I have been working a lot with elasticsearch. I have a huge issue with trying to expand my container HDD space. I want to shift my volumes to an External HDD (NTFS or otherwise), but it seems that when I use docker-compose for something like:
volumes:
- /Volumes/Elements/volume_folder/data03:/usr/share/elasticsearch/data
It seems that it doesn't have write permissions. I confirmed it on Windows and Mac that this is the case, but I figured this is actually a common issue massively overcome with docker already. I have been looking but unable to do this.
How is this done? I have Mounted (internal) Drives on my Windows 10 Machine I wanted to set up to store this data, as well as multiple External HDD I wanted to do the same.
I notice that I as the current user always have the r/w/e privileges to the Devices, so I was thinking that there was a way to have docker run as the current user for the purposes of determining Drive privileges?
The current issue is that a container falls outside the scope of the current user, and it seems that the external is something akin to 775.
Can someone assist with this? I was looking on stackoverflow and all the mounts were based on the host machine, but NOT a different drive like this. I can easily set a volume anywhere on the machine but when it comes to External HDD or H:/ or I:/, it seems to be a different story.

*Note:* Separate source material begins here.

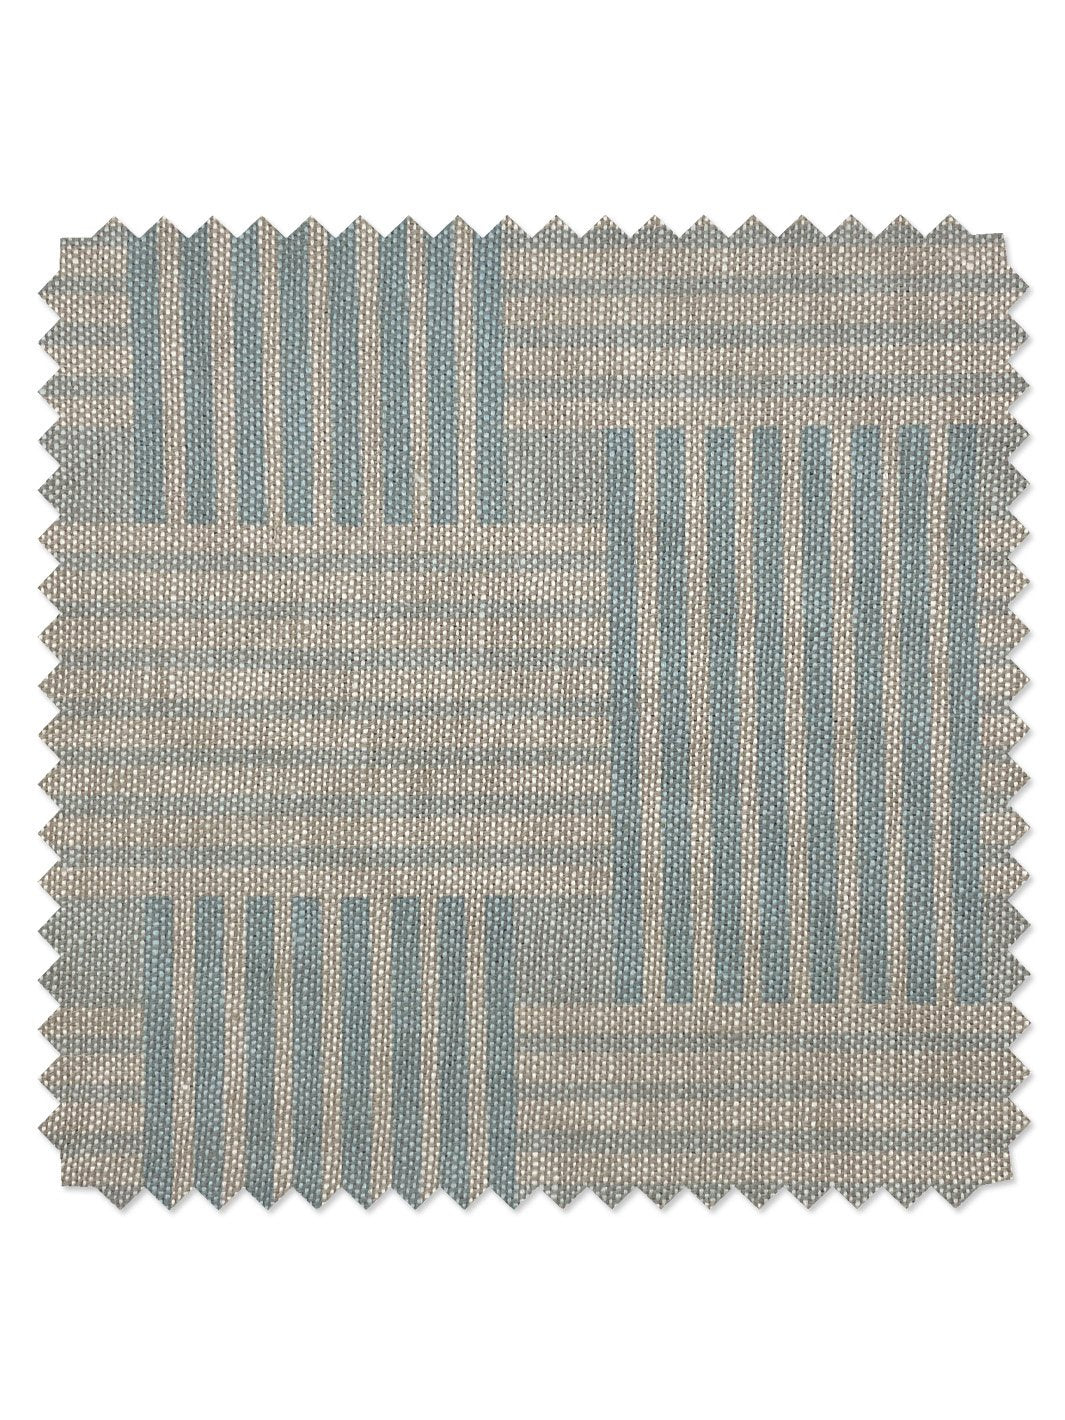 'Fabric by the Yard - Roman Holiday Woven - Pale Blue
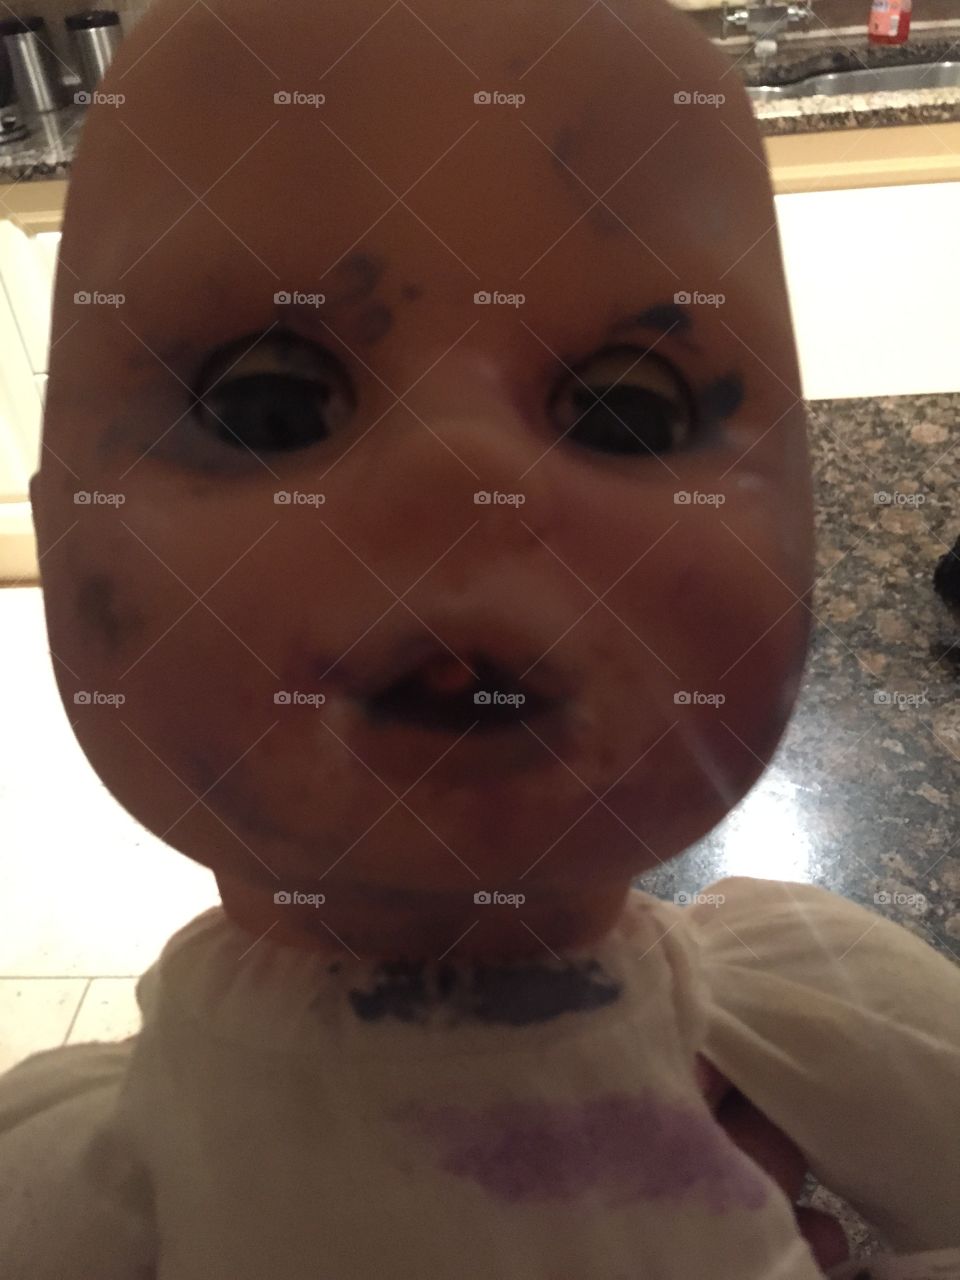 Scary Doll

I was looking at this Stackoverflow question: Docker volume on external hard drive and I was looking into seeing what I can do. When I looked at preferences, I saw that /Volumes was shared. When I did docker-compose up
it says that the system is readonly. (Like previously stated). It is 755. Is there a way to run docker compose as a particular user?
Edit: I was noticing that docker-compose allows a user option, and since I saw that the mounted HDD is owned by me. I said create, maybe i can pass my user into each container and it will access it correctly. I saw this article stating i could do this: https://medium.com/redbubble/running-a-docker-container-as-a-non-root-user-7d2e00f8ee15
I added user to each service, like this: user: ${CURRENT_UID}
and then in the CLI, i put a couple different options:
CURRENT_UID="$(whoami)" docker-compose up
CURRENT_UID="$(id -u):$(id -g)" docker-compose up
The top one failed because the user was not in passwd, but the bottom one gave me a "permissions denied" error. I was thinking it might have worked, but didnt.